28. Estes mecanismos de autonomia não funcionariam de maneira autónoma, justamente, se não houvesse um outro tipo de retiro a não ser o do ‘motor’ : o retiro daqueles que dão o próprio mecanismo, as suas regras iguais à de todos os indivíduos, da espécie ou da língua consoante. A mãe dum mamífero que o traz no seu ventre (o pai tendo-se retirado logo após a cópula) retira-se de maneira progressiva : gravidez e parto, retiro que mantém a alimentação pelo seio, novo retiro com o desmame, aprendizagem dos gestos de ver e mexer, de andar e falar, e por aí fora, até que, adultos, deixam a casa paterna. Este retiro dos pais manifesta-se eloquentemente na morte destes, os filhos permanecendo autónomos sem eles : tanto no que diz respeito ao ADN que regula a sua alimentação e crescimento como pelo uso da fala. Os próprios poetas não dispõem para fazer um poema das palavras dos outros (Ma­nuel Gusmão) : a linguagem é este mecanismo fabuloso vindo totalmente de fora, duma tradição bem ancestral que – enigma dos enigmas – tornou possível o talento singular dum Borges, dum Char, dum Dostoiewski ; os rastos dos outros, daqueles com quem aprendemos tal ou tal palavra, tal ou tal saber, têm que estar totalmente apagados para que esses rastos falem em nós a nossa palavra autónoma. Se escutássemos as vozes dos outros nesses vestígios (traces), como nos sonhos eles se manifestam por vezes, se ouvíssemos os nossos mestres a ditar-nos ao ouvido o que dizer em tal ou tal situação, seríamos alucinados, loucos.

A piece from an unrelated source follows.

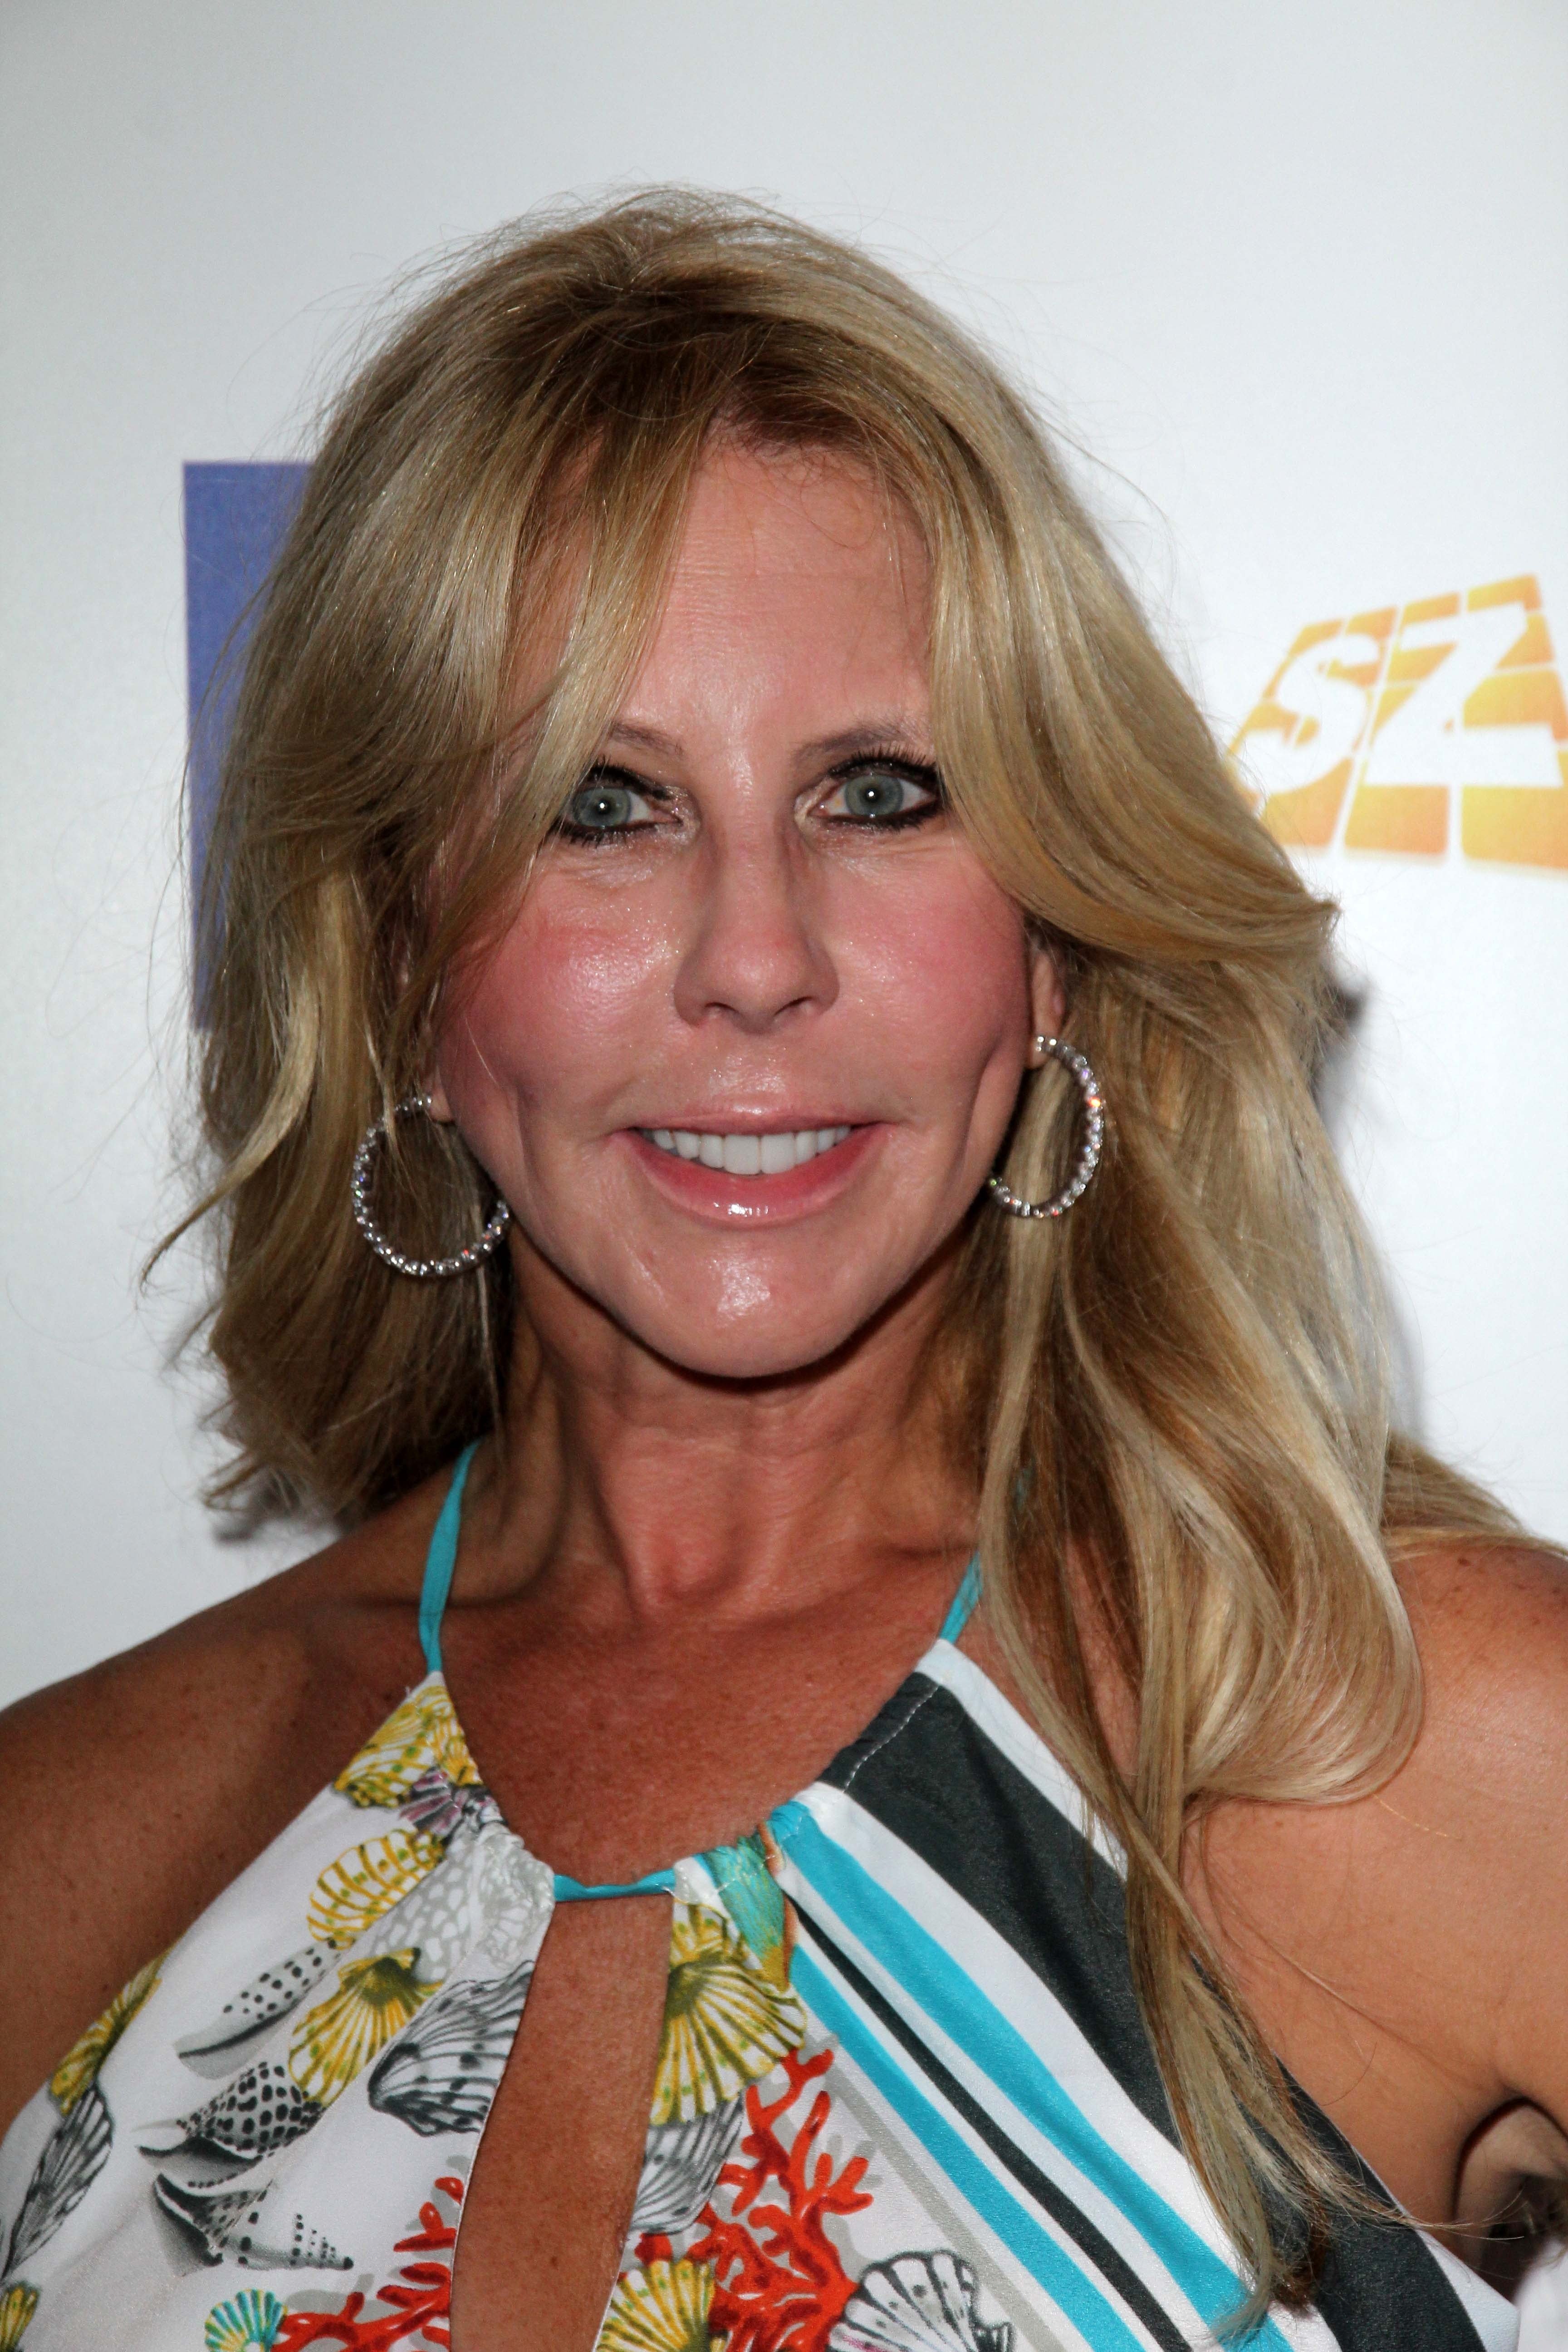 Vicki Gunvalson at the 2nd Annual Red Carpet event at SLS Hotel on August 9, 2012 Beverly Hills, California | Photo: Shutterstock

29. Já que a lei é heteronómica, dada por outros, esta doação tem que se apagar absolutamente. Dir-se-á que se trata de mecanismos de autonomia com heteronomia apagada. Tanto é verdade da comida que nos é dada todos os dias para se tornar a nossa substância vital como de tudo o que se aprende ao longo de toda a nossa vida ; ainda que saibamos aonde aprendemos isto ou aquilo, quando usamos o nosso saber ao falar ou escrever, a recordação dessa doação está absolutamente apagada. E é sem dúvida esse apagamento absoluto que explica que ela tenha passado, ainda em nossos dias, segundo parece, desapercebida dos cientistas dos diversos domínios que se ocupam dela. O próprio Heidegger, cujo pensamento sobre o ser e o Ereignis permite esclarecer isto de maneira tão espantosa, não parece ter-se apercebido de todo o alcance do seu trabalho, inclusive ao nível dos seres vivos.


[1] Variável segundo os tecidos especializados e o aleatório do que se come, dos teores atmosféricos, as necessidades da célula em moléculas gastas, etc.
[2] Tensão, temperatura, pH, teor de oxigénio e outras moléculas essenciais, etc.
[3] E a da espécie nas épocas do cio.
[4] Ao contrário do que se diz habitualmente, esta não é um ‘mecanismo’, mas uma ‘lei’ da evolução.
[5] Trata-se duma longa história. No que nos diz respeito, os Europeus clássicos do século 17, na sequência de Occam, ocuparam-se de ‘pensamento’, deixando à linguagem o papel instrumental da sua ‘expressão, do interior para o exterior. Trata-se tipicamente do logocentrismo que Derrida desconstruiu.